I'm sure this has been done in other feed readers, it's worth taking a look at how they did it.
Some thoughts:
One corner case we should treat in a useful way is a feed that had weekly updates until a year ago, but then stopped. A way of dealing with this is doing the calculation only for a window of time (e.g. 6 months); this would likely help with less drastic changes in frequency as well, and would prevent bad results for some entries that predate first_updated_epoch (for them, it defaults to 1970).
Another corner case is a feed with exactly 1 entry in the time window.
We could eliminate duplicates from the initial import of entries without published/updated by grouping by first_updated_epoch.
Another useful thing would be to compute this metric for an arbitrary selection of entries, e.g. by tag or a full-text search query (how often do we get "python" entries?).
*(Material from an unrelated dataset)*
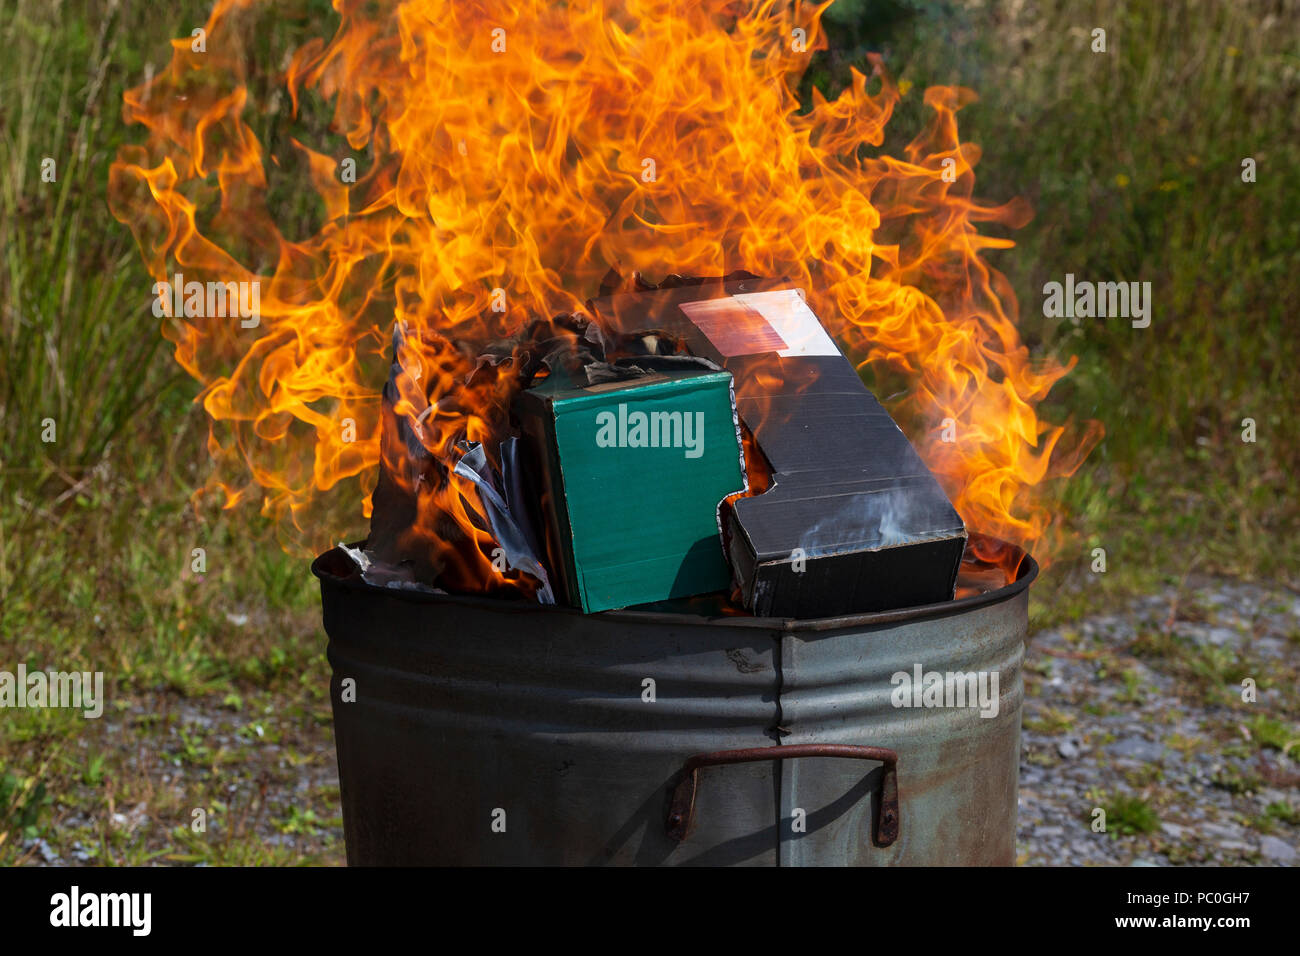 La quema de residuos de papel y cartón en el pequeño jardín incinerador Foto de stock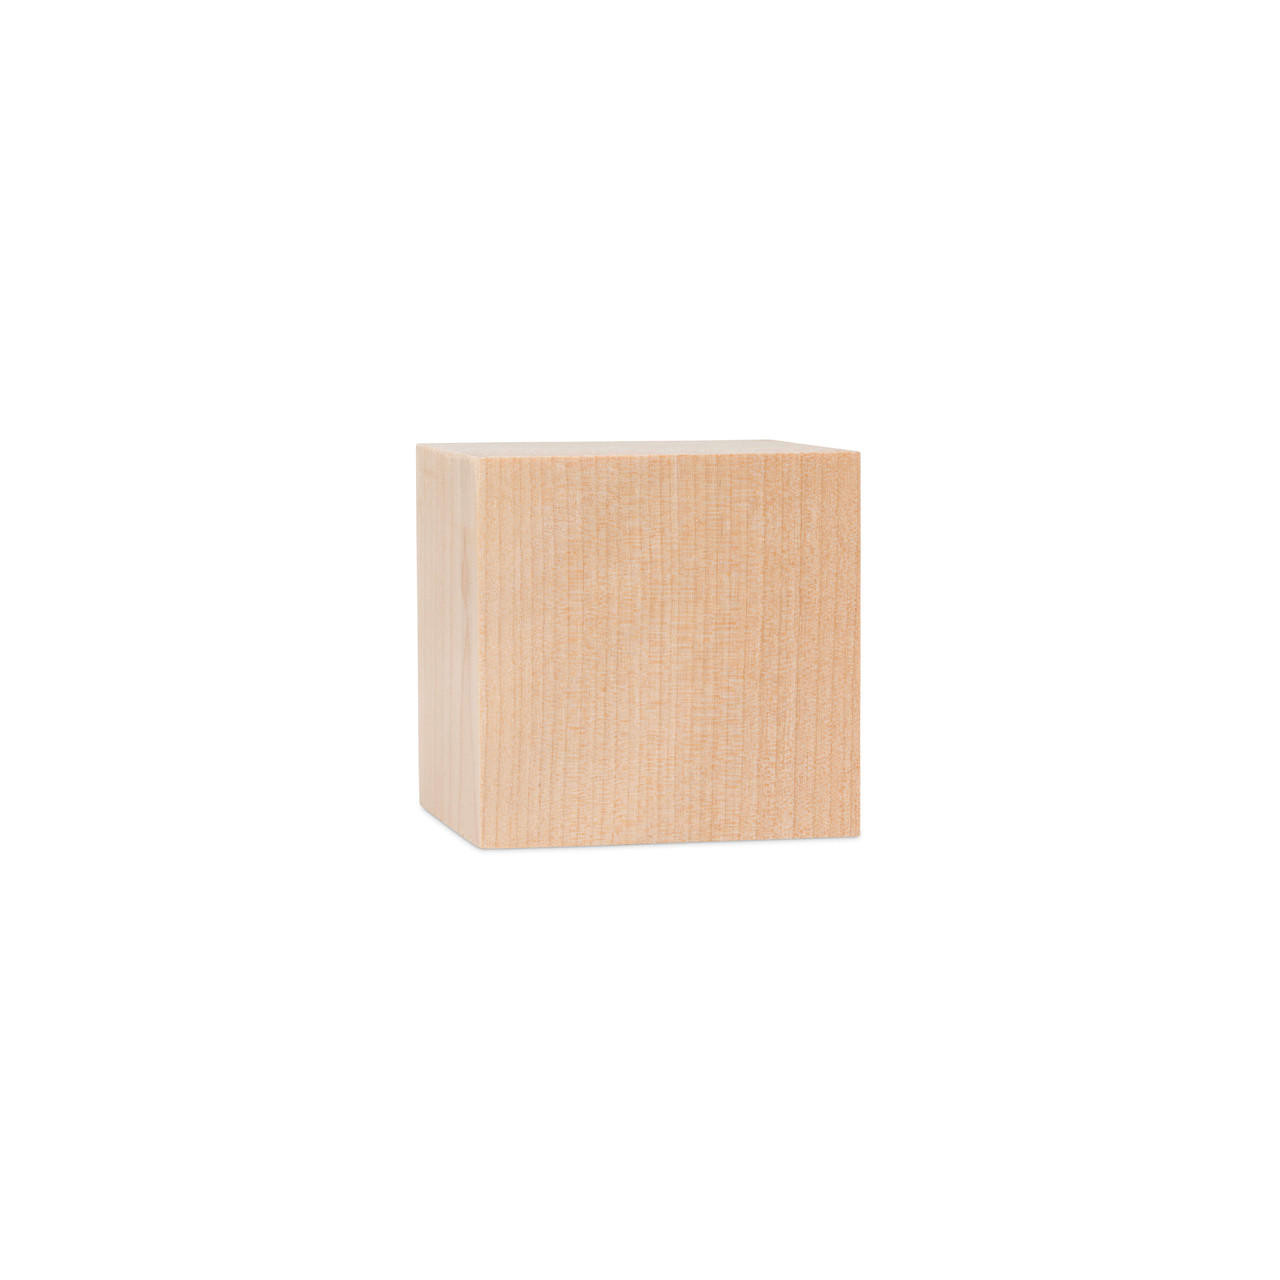 Rectangle Wooden Cubes Blocks Craft Supplies Blocks Wood Cubes

Presumably, if we allow arbitrary selections, the data would be returned by the
{get,search}_entry_counts
(should've called it*_stats
).If we don't allow the time window to be configurable, we may want to have 3 different windows (1 month, 6 months, 1 year), a la system load averages. OTOH, YAGNI; we can have just one initially (likely, 1 year), and then alias that attribute to something else later.